How to recreate our experiments
The baseline is located in stacked_model. After installing the necessary packages, the main script can be ran by the following command:
python3 meta_classifier.py --files <trainfile> <testfile> --translated_files <translatedfile> <translated file> --save <model name>
The scripts in the normalisation folder are used as follows. First run the following script:
python3 get_normalisation.py --files <trainfile> <validationfile> --language <language> --type init
This will result in two seperate files which can be used with the tool from Rob van der Goot (https://bitbucket.org/robvanderg/monoise/src/master/). After running this tool, the files are normalised. Then run the following command:
python3 get_normalisation.py --files <trainfile> <validationfile> --language <language> --type concatenate
This leaves you with a json file which can be used in our final systems. The translation was done by concatenating the sentences and pasting it in Google Spreadsheets.
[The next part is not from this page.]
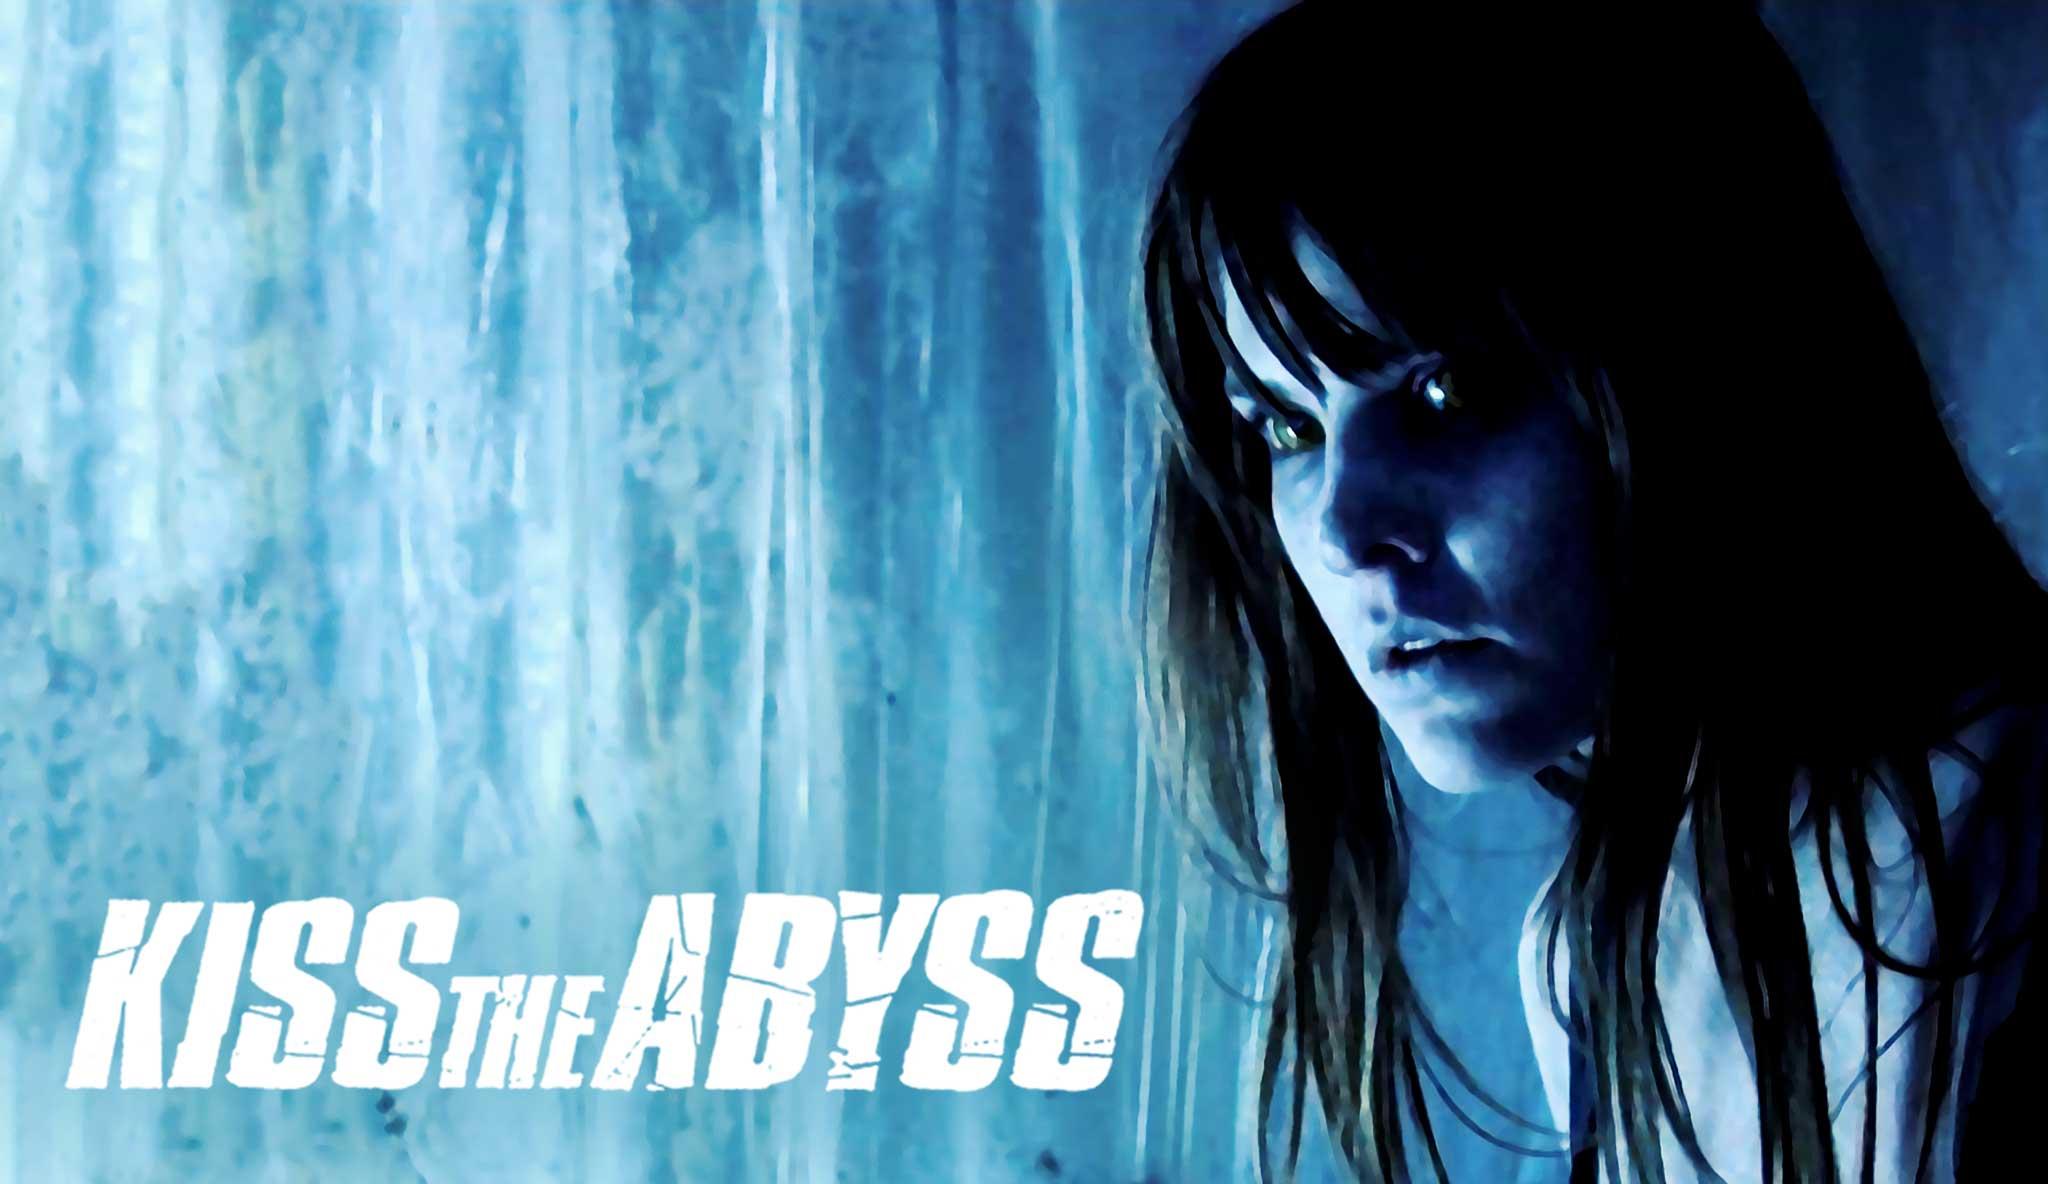 kiss-the-abyss\header.jpg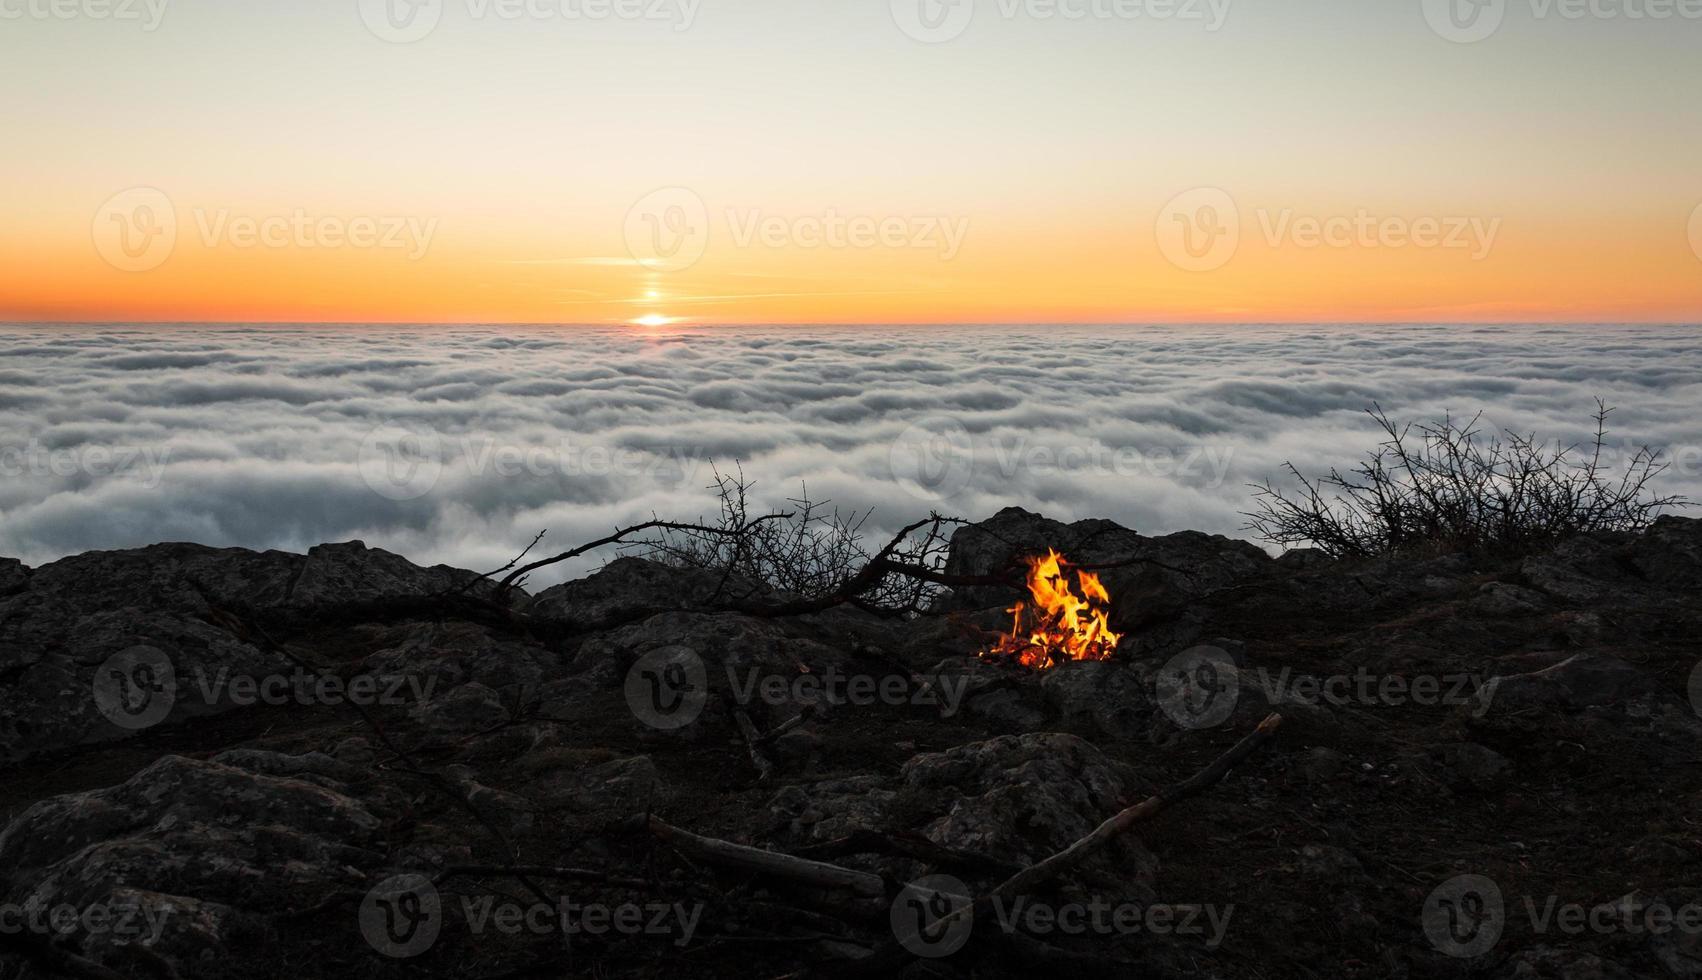 Sunrise fire photo

To run our python notebooks you need a certain structure in Google Drive. The structure we used was as follows:
├── My Drive
| ├── Colab Notebooks
| | ├── shared_task
| | | ├── han
| | | ├── data
| | | ├── xlmroberta
| | | | ├── results
| | | | ├── model_outputs
| | | | ├── model_cache
The data folder contains the normalised code mixed data in json format and two translated files for each code-mixed language. The format for naming the files is: .txt.